TVET council looking to improve its offerings – McClean

The Barbados Technical Vocational Education Training (TVET) Council is in the process of implementing a monitoring system in an effort to ensure continuous improvements to its offerings and management processes.

Making the announcement this morning, Manager of Technical Services Wendy McClean said the new framework would also allow for regional and international comparisons, while incorporating global best practices.

McClean was addressing the 50 and Beyond Assessment and Exhibition showcase at the Samuel Jackman Prescod Polytechnic (SJPP), where some of the 36 graduates of the garment manufacturing programmes showed off their products.

“There was a need to examine the TVET system in Barbados with regard to the current quality of TVET provisions and to provide a basis for further development of TVET programmes in order to fulfill current and future skills needed in the local, regional and international labour market,” McClean said.

“Therefore, the introduction and assessment of performance indicators for the TVET system will provide the requisite information and data to examine current provision and to guide the continued development and expansion of TVET in Barbados by optimizing the delivery of TVET and maximizing the benefits to trainees and employers.”

Additionally, the system would allow TVET to compare its findings with national goals, develop internal systems to better meet expectations and to enhance its own policies.

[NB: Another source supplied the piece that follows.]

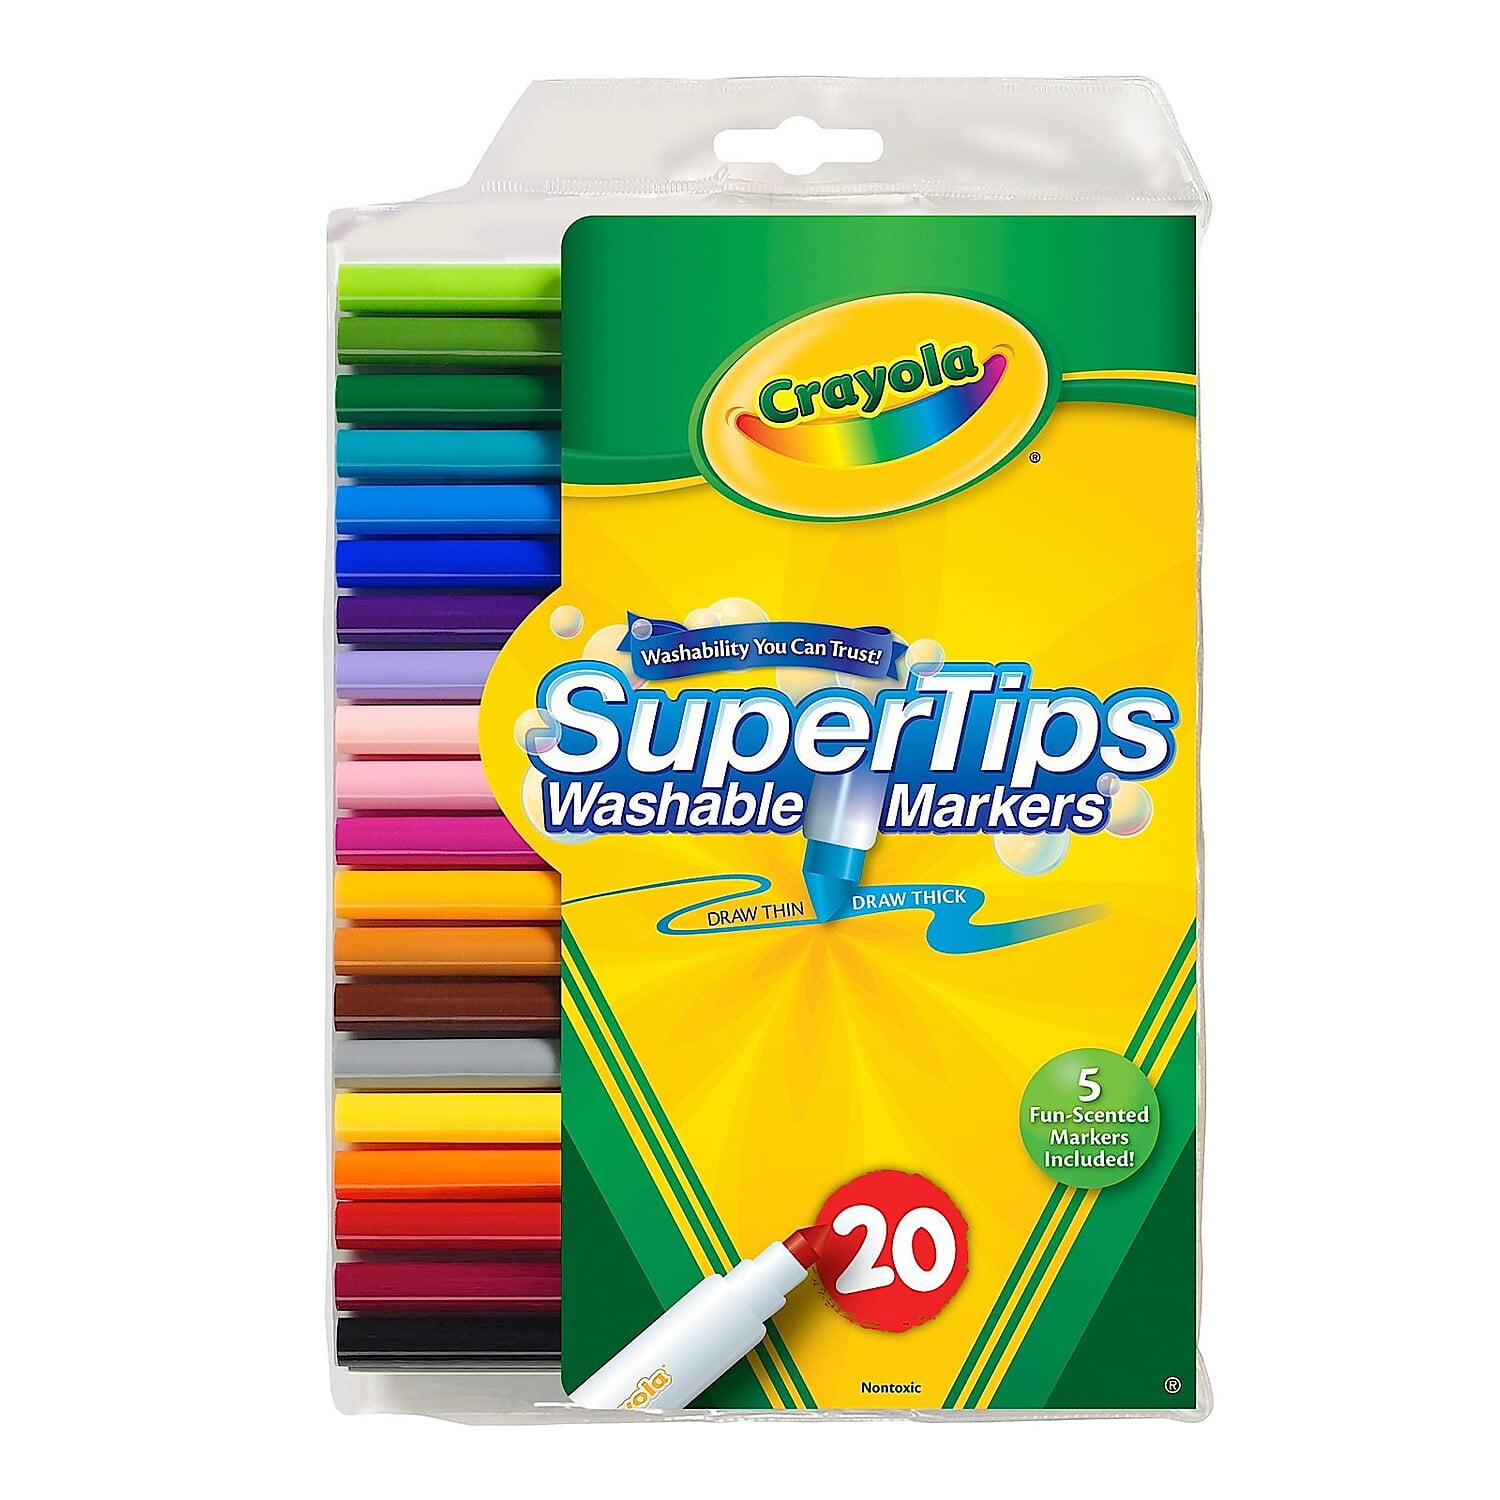 Dropship Crayola 20 Super Tips Washable Markers to Sell Online at

“Each indicator within the monitoring system is designed to provide a measurement of a critical aspect of the TVET system in Barbados, and will provide the basis for national and sectoral planning, institutional strengthening and capacity building, budget decision-making and product policy formulation.

“The goal of the TVET monitoring system will be to optimize the position of TVET in Barbados by enhancing institutional outputs and maximizing trainee and employer outcome,” McClean added.

She said officials would also examine the demand for the TVET offerings from both employers and learners; examine the level of enrolment in the TVET programmes; the delivery of those programmes, as well as the outcomes for trainees, learners and employers.

McClean said to ensure continuous high quality statistical output from the TVET monitoring system the Council would also establish a technical advisory panel to monitor the system.

She explained that this panel would ensure a “robust and reliable” system of data collection, analysis and reporting in accordance with current international best practice.

“The proposed advisory panel will comprise representatives from key public and private training providers, technical experts in the following schematic areas – TVET and general education; monitoring and evaluation; statistics; database development; social and economic research and knowledge of emerging skill areas, in addition to key representatives from trade unions and the private sector.”  .

She said for too long technical and vocational studies were “misrepresented as the domain of those who are not academically inclined” and TVET intended to change that perception.

“If we redefine TVET as an economic development activity then we must put the necessary systems in place to finance it and monitor and evaluate its effectiveness. To do so, we need the input of the leadership of the training institutions, faculty and administrative staff, career counselors, employers, learners, relevant government ministries and departments, the private sector and trade unions, jobseekers and employees,” she said.